Lecturer in Australian Studies (on leave until mid 2005)

Rm 201, 137 Barry St.
T: 83444901
E: n.papastergiadis@unimelb.edu.au

Associate Professor Nikos Papastergiadis, was educated at the University of Melbourne and the University of Cambridge. Formerly Head of the Centre for Ideas at the Victorian College of Arts, lecturer in Sociology, the recipient of the prestigious Simon Fellowship at the University of Manchester and visiting lecturer at the Glasgow School of Art. Papastergiadis has developed a theoretical perspective that combines extensive knowledge of current practices in contemporary art with social theory. His long involvement with the ground breaking international journal Third Text, as both co-editor and author, was a formative experience in the development of an interdisciplinary and cross cultural research model.

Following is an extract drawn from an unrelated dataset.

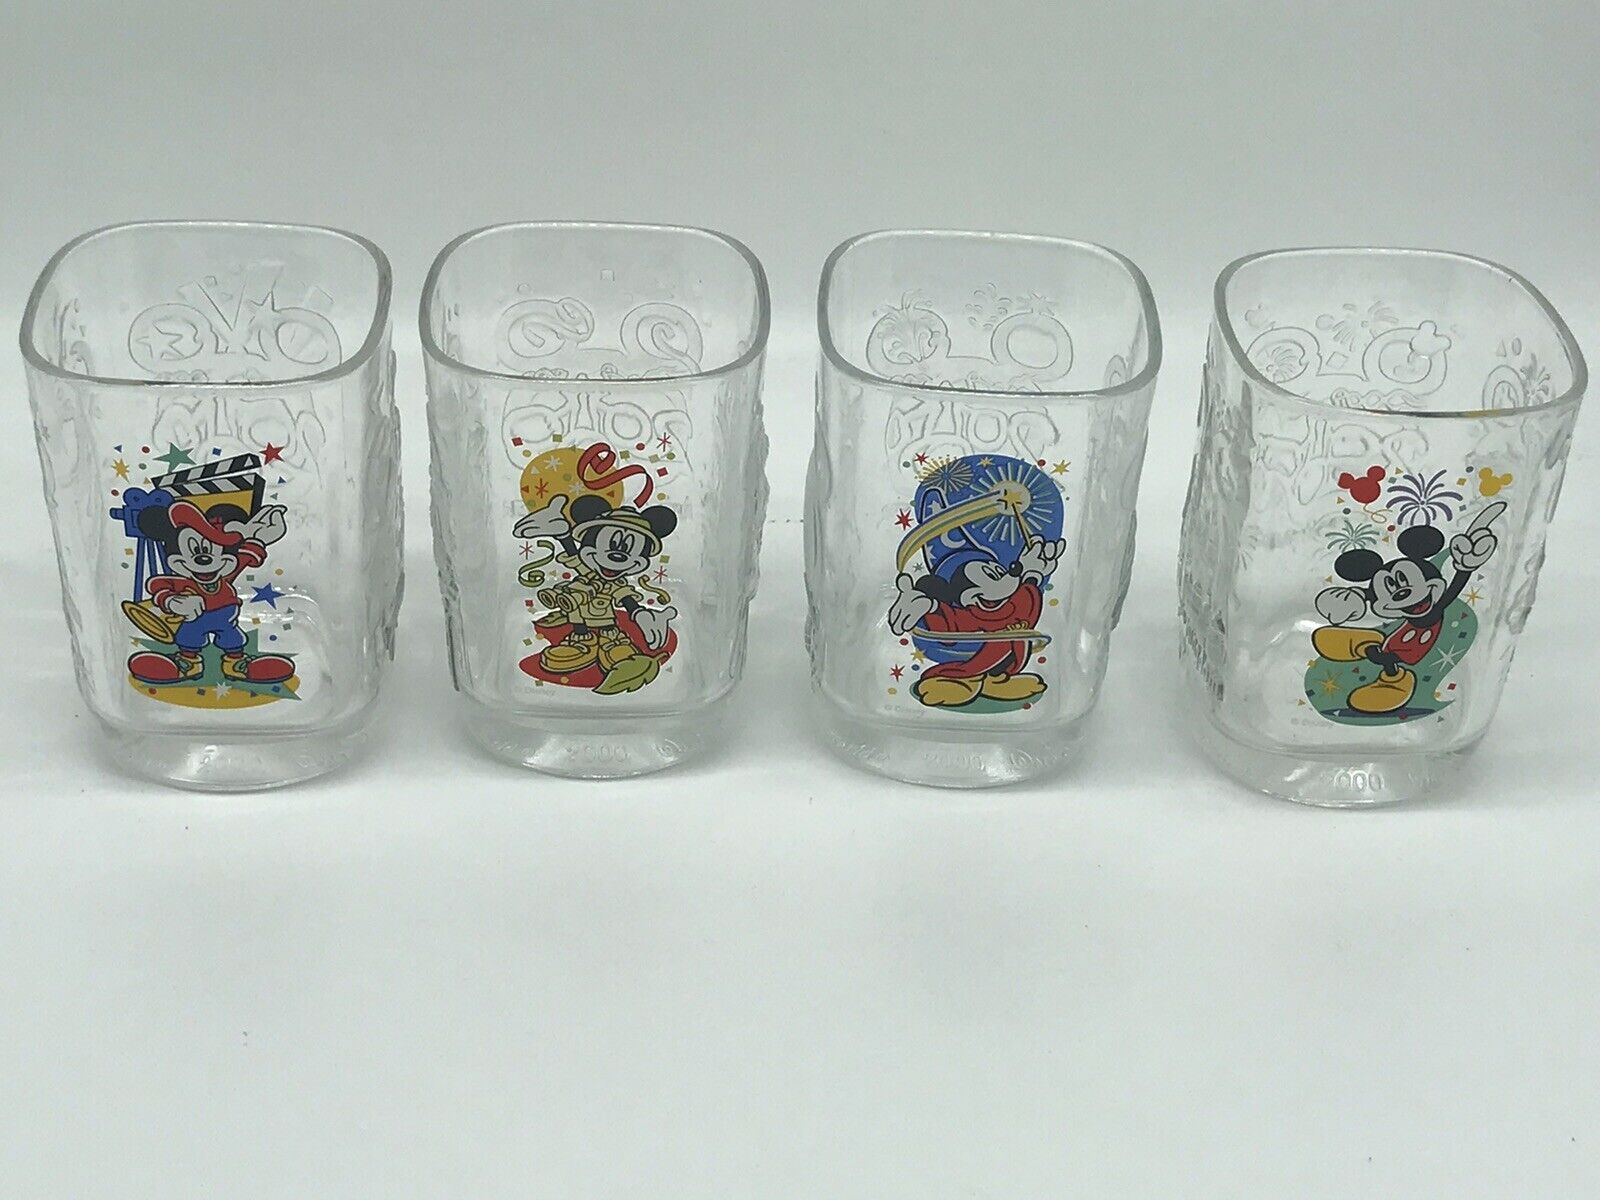 McDONALDS Disney World 100 Years of Magic 25th Anniversary Cups Glasses Set of 4
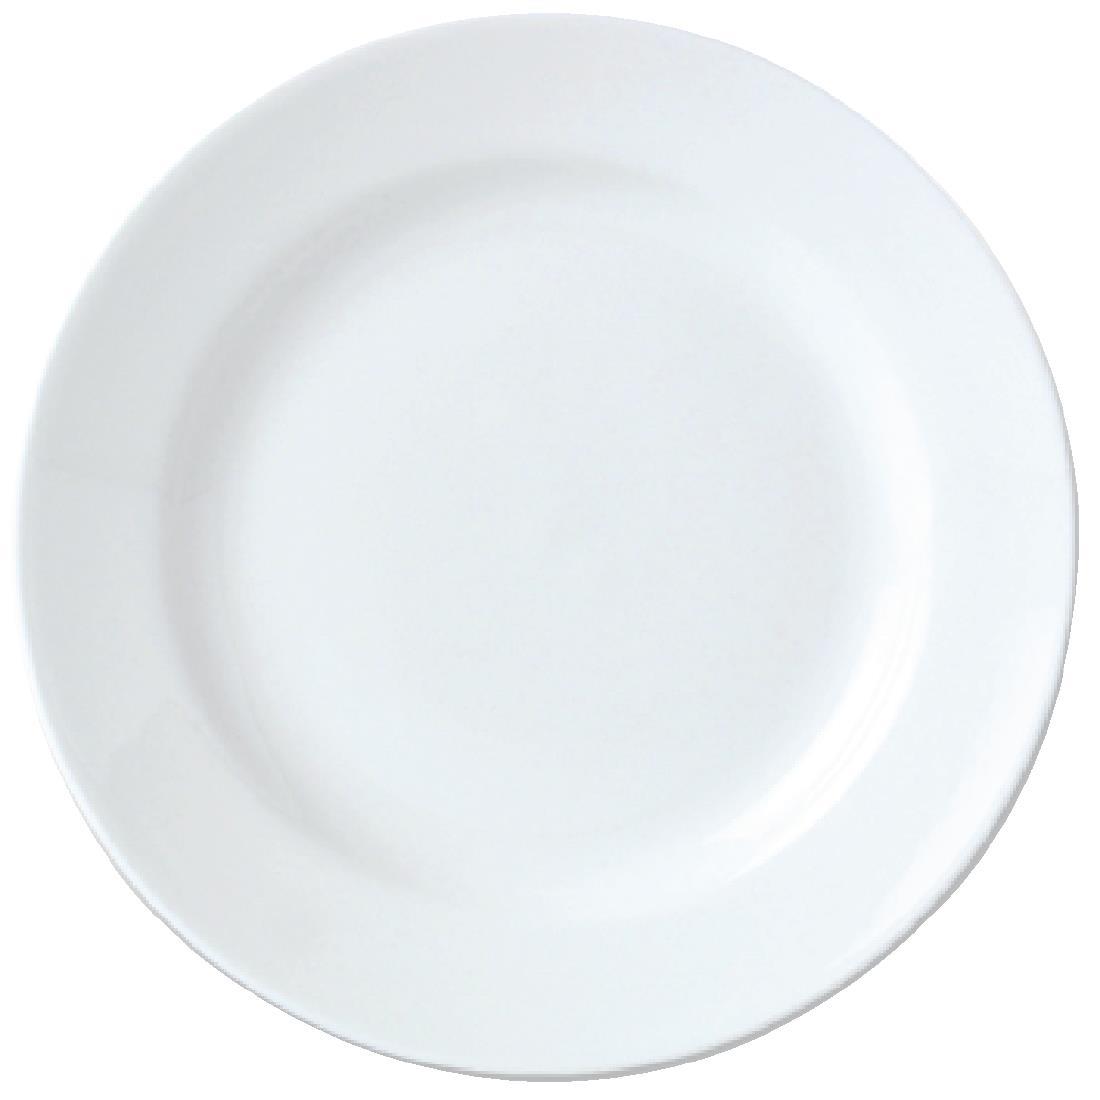 Steelite Simplicity White Harmony Plates 320mm (Pack of 6) - V9248  - 1

Throughout his career, Papastergiadis has provided strategic consultancies for government agencies on issues relating to cultural identity and has worked in collaborative projects with artists and theorists of international repute such as John Berger, Jimmie Durham and Sonya Boyce. At the Australian Centre he teaches on a range of subjects in relation contemporary Australian culture as well as specializing on the role artists have played in transforming urban spaces. He supervises doctoral students who are investigating issues relating to cultural identity, whiteness, Aboriginal politics and contemporary art practices. His major publications include, Modernity as Exile (1992), Dialogues in the Diaspora (1998), The Turbulence of Migration (2000), Complex Entanglements (2003), Metaphor and Tension (2004). In 2004 he was awarded a Discovery Grant from the ARC and is Chief Investigator on two other ARC grants with the iCinema Centre at UNSW.

His current research focuses on the investigation of the historical transformation of contemporary art and cultural institutions by digital technology. This has led to the convening of major international conference Empires, Ruins and Networks: Art in Real Time Culture hosted at the Australian Centre for the Moving Image 2-4 April 2004.